• Exercise aim
Your answer must be the full listing, reproduced exactly, minus any pictures.

• Data extract
<<<<

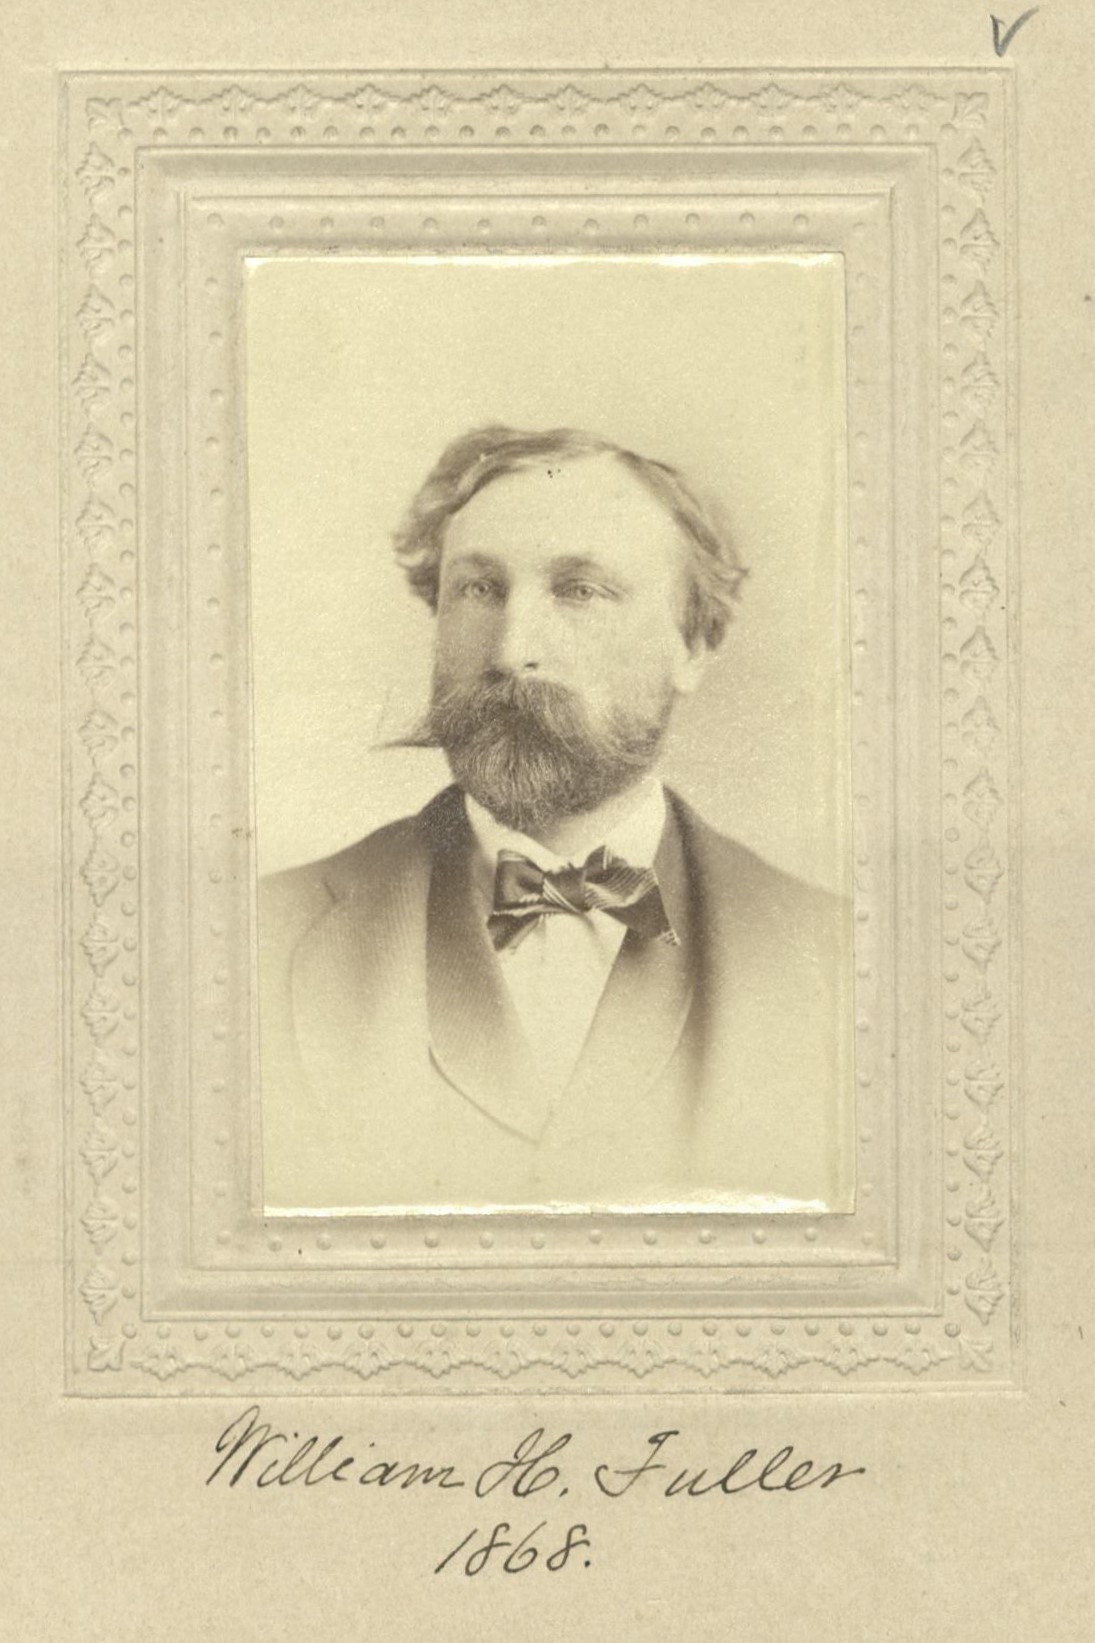 Member portrait of William H. Fuller
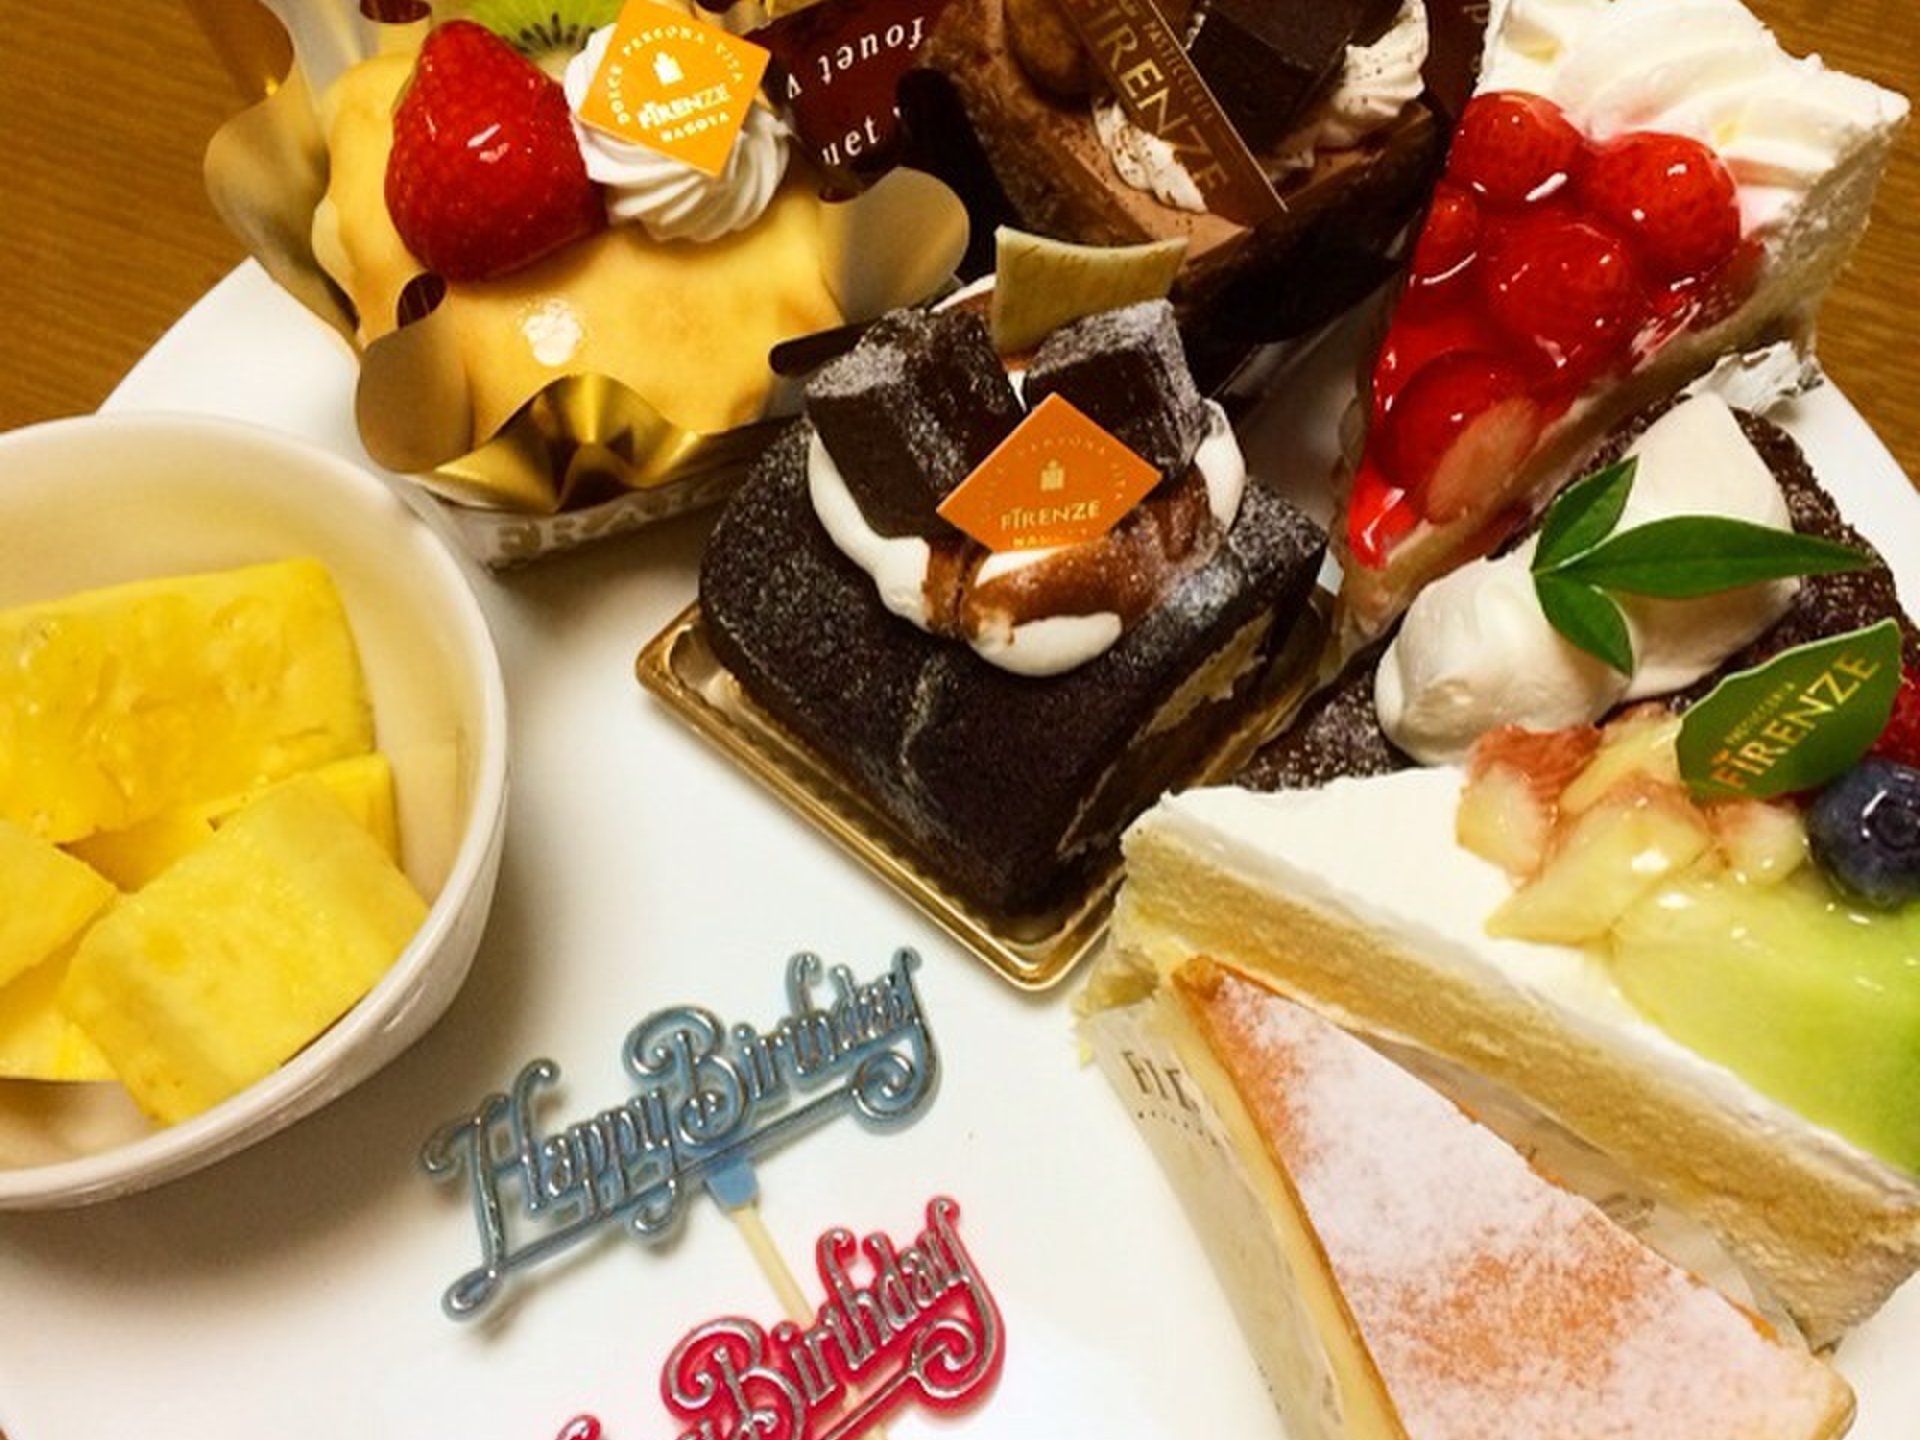 名古屋にある絶品ケーキ屋さん【フィレンツェのケーキをオシャレに盛り付け】妹の誕生日会
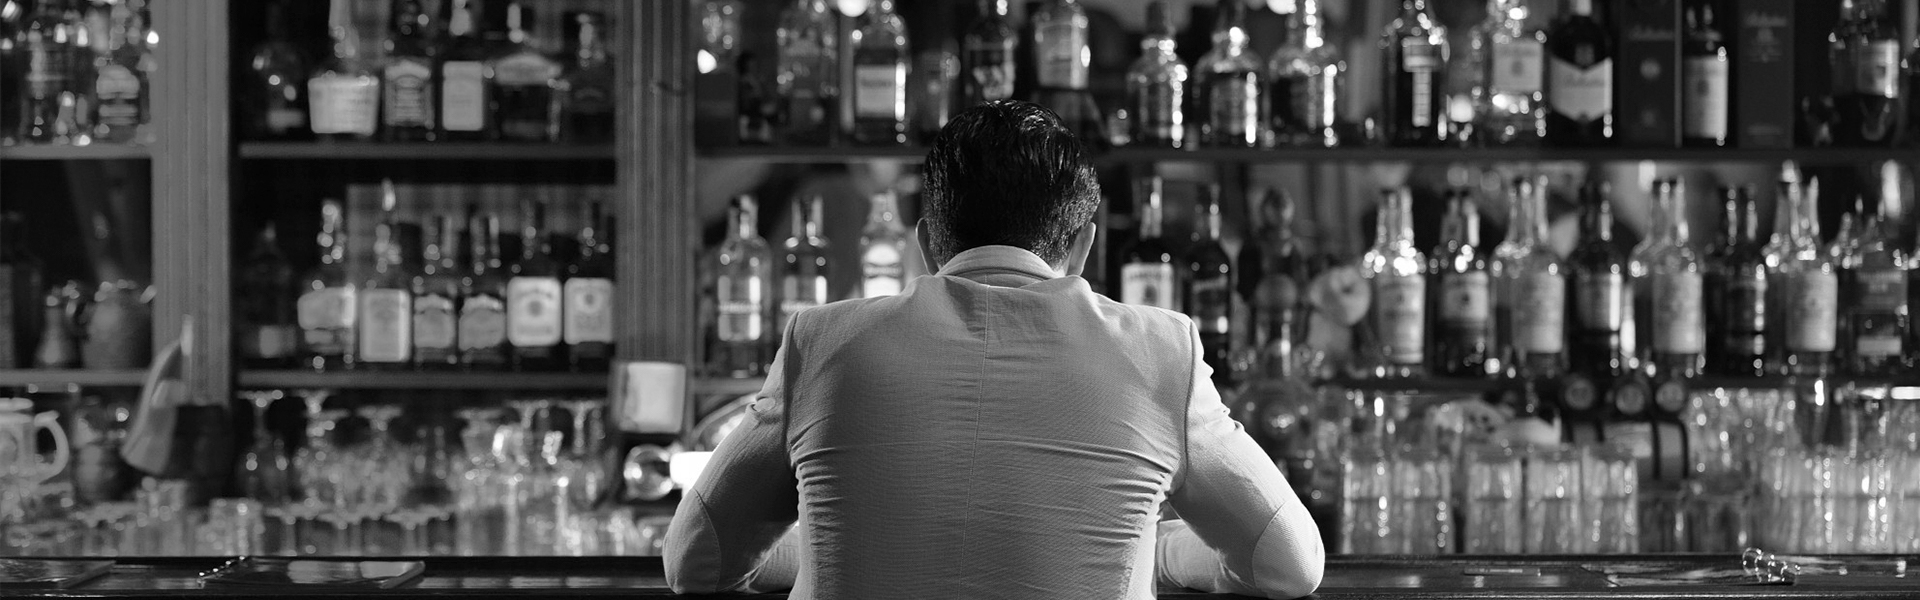 Un hombre en la barra de un bar.

>>>>

• Answer box
 Member portrait of William H. Fuller
 名古屋にある絶品ケーキ屋さん【フィレンツェのケーキをオシャレに盛り付け】妹の誕生日会
 Un hombre en la barra de un bar.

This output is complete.